## Exercise details
Beneath this task are records; print exactly the stretch of them from the line with "イワタニ カセットコンロ タフまる CB-ODX-1 新品未使用" through the line with "Hyundai Tucson - обзор", both ends included.

## Input records
────────────────

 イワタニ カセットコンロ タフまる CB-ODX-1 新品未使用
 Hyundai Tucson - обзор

────────────────

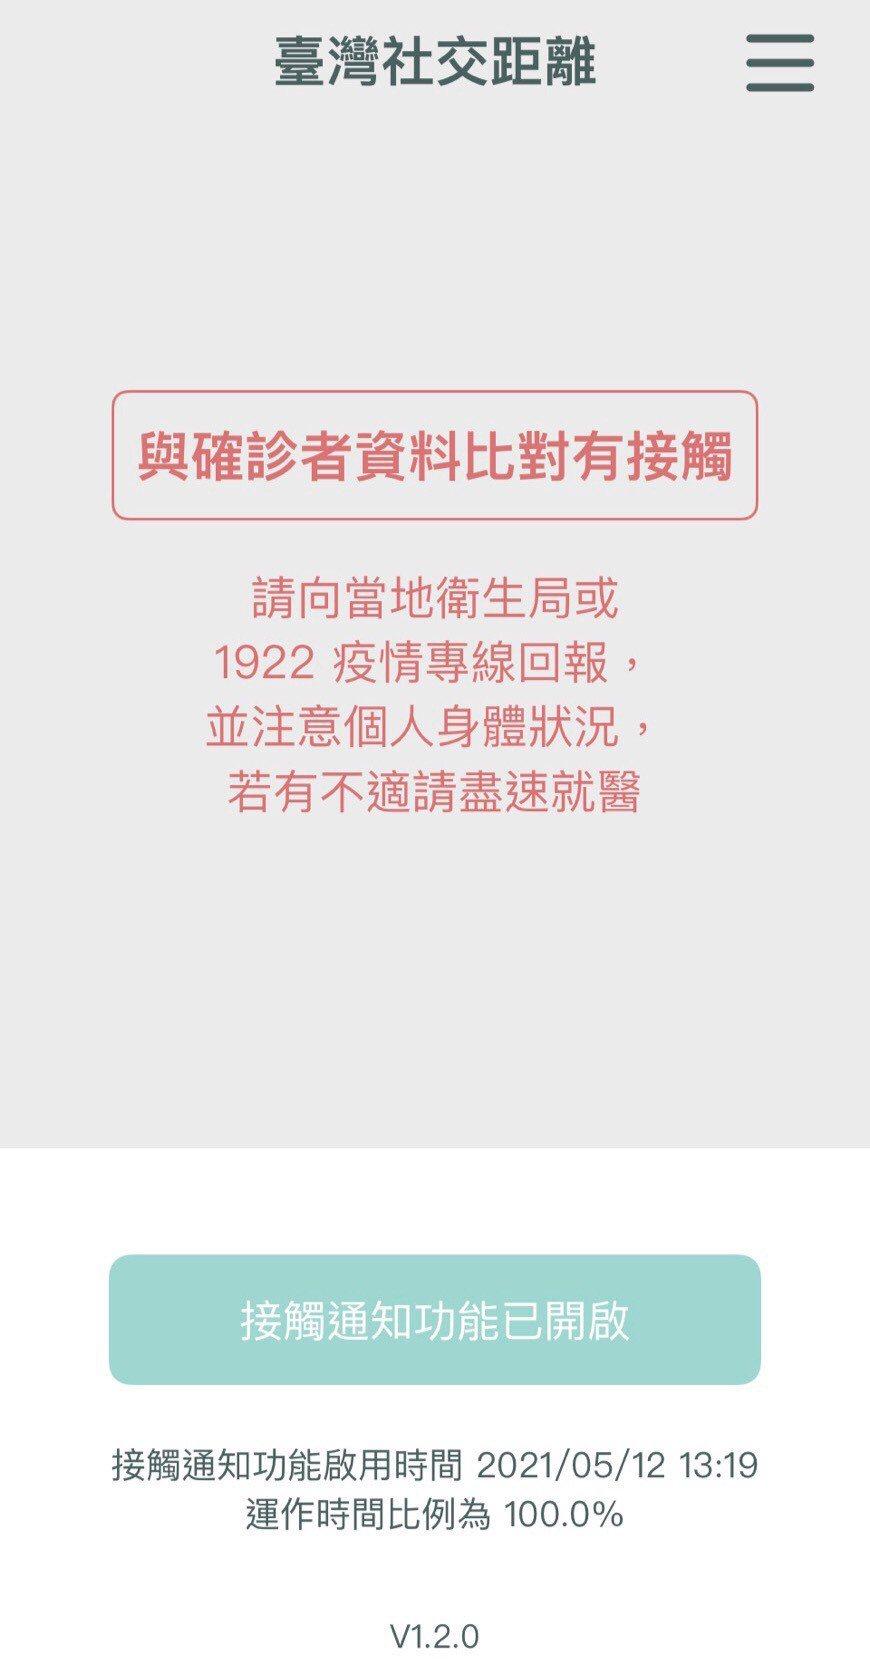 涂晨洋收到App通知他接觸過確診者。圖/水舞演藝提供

────────────────

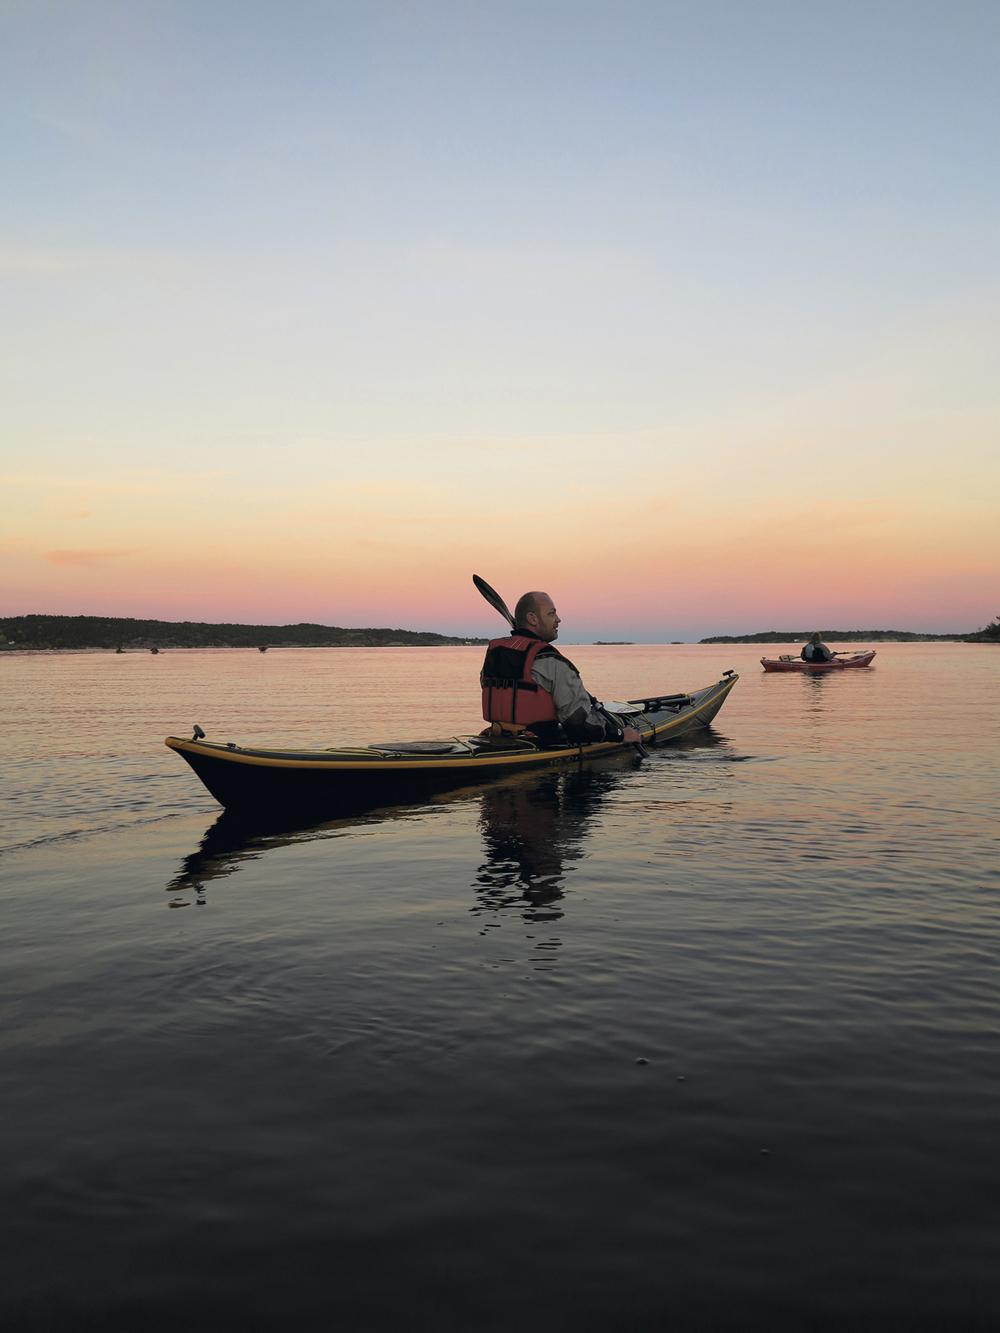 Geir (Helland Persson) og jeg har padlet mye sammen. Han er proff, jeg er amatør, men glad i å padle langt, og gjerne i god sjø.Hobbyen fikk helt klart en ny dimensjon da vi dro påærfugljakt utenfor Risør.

────────────────

## Expected output
 イワタニ カセットコンロ タフまる CB-ODX-1 新品未使用
 Hyundai Tucson - обзор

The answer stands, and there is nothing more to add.